Diana Mirea, gives a first-person account of her life as a Romanian immigrant living in Sicily, and fighting to survive against many different kinds of prejudice and discrimination.

I came to Italy in 1997 as a handball coach for La Polisport Siracusa Seria A1 (  a top league for women’s handball ), I ended up playing also, even though I was a bit old , but to make sure they payed me , I had to play all the games because we needed players.

Diana Mirea

When I left this field , I was so shocked  when I decided to stay and live in Siracusa, Sicily.  I could not find   find a job to satisfy  my university title.   I have a degree in economy and society managing.  People kept  offering me jobs as a house maid job  and  a cleaner ,  but  nothing else was offered .  They would   only look at my citizenship  not at my CV.  Once they would they meet me in person, then they would just want to go to bed with me.  I am tall and blond and even though I am 51 years old, men here are only interested in getting in my bed or taking me in theirs.

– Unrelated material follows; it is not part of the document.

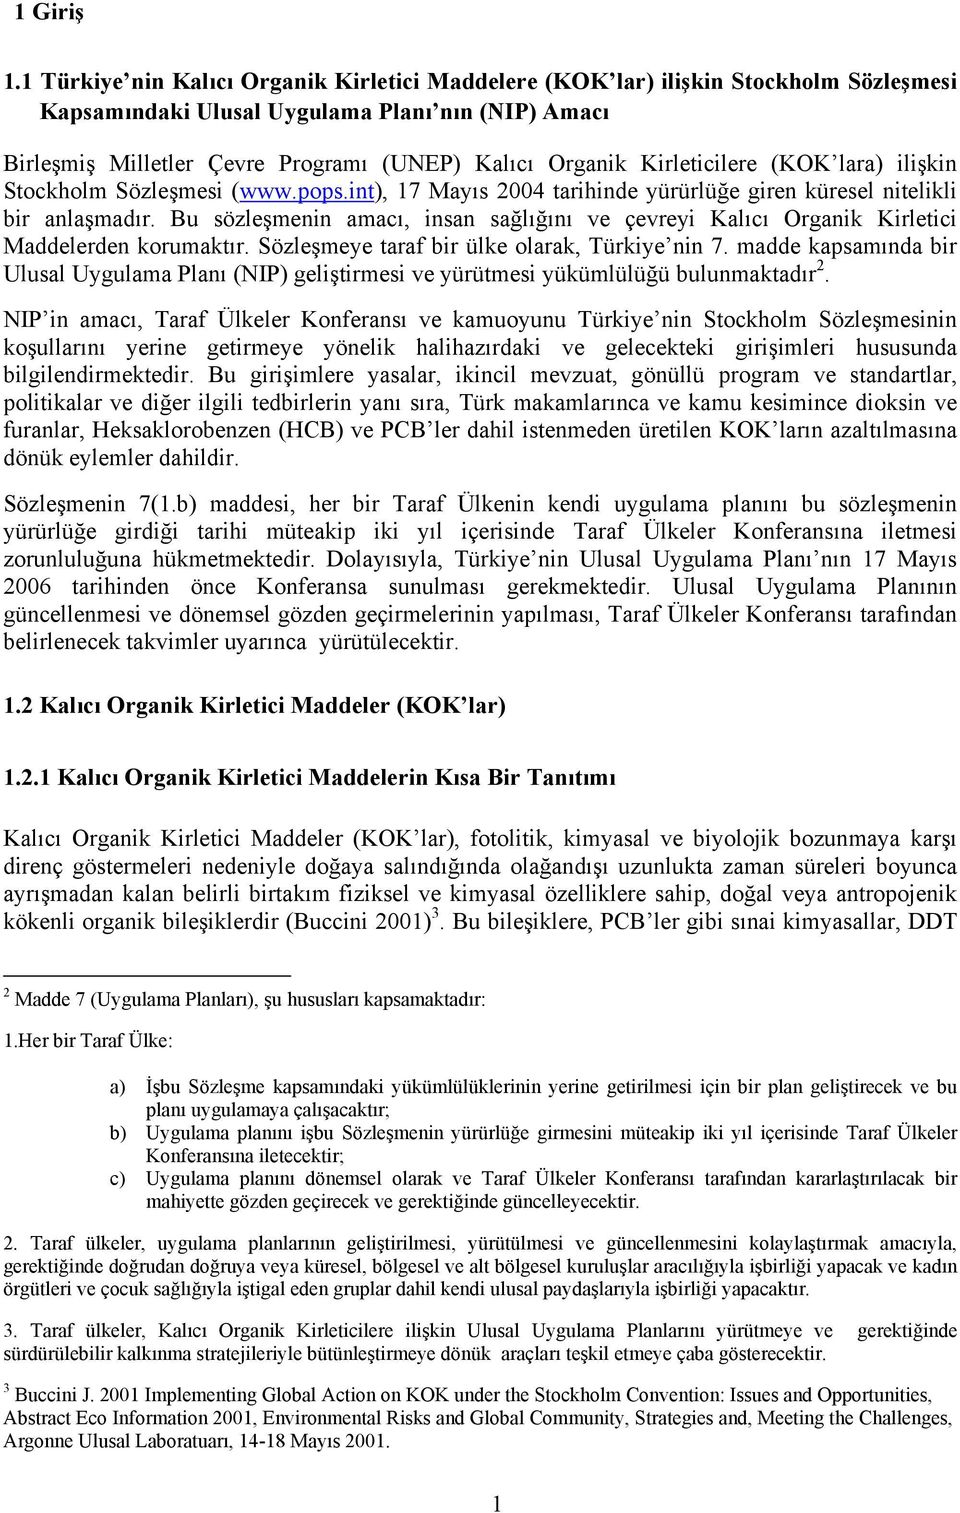 Kirleticilere (KOK lara) ilişkin Stockholm Sözleşmesi (www.pops.int), 17 Mayıs 2004 tarihinde yürürlüğe giren küresel nitelikli bir anlaşmadır.

Sometimes I want to scream.   I want to say to every body :  please read my CV! I want a job ! I don’t want to be the “baby” of  the man in charge. . .

I have suffered enough here, for sure.    I love siracusa , I love sicily , and  I have many good friends , but as an immigrant I suffer, as a single women I suffer. As a Romanian I am not appreciated . My son Robert came here with me to Sicily and went to Italian school.  He  went back to Bucarest to work after earning  his diploma here.  Now, back at home in Romania where life is easier for him.  He goes to university and has a job, he is enjoying his life , he is doing well, and that  make me feel better.

I can go back home to and have a great life. . . but that would mean , that I failed, that  I failed in making my way , in affirming my stay here. . .  so I accept the challenge and I will stay to fight for the next generation of good Romanians . . . I know very well that there are Romanians doing bad things here, but this does not mean that we area all the same! And it doesn’t mean that we don’t deserve to live in peace and with dignity. . .

I have noticed that people don’t want to give a chance to others only for one reason…  they want to dominate us . . . to keep people like us  under their wing … and  all of this reminds me of  the regime that we had in Romania .

When I ran away from the life I had and from my husband, I knew what I wanted, but I feel left all on my own by those who call themselves “ethical,” who think they do things to help other people.  But , you know what?  I am a winner, because I will never accept a compromise.

I want to try to restart my life, investing all my knowledge and experience do great things.  I want to really be able to feel at home. . . not a house, but to feel wanted.  I also want to help people who are in need.   I know very well that I can help people where I am here in Sicily .  But I need a chance.  Only a chance.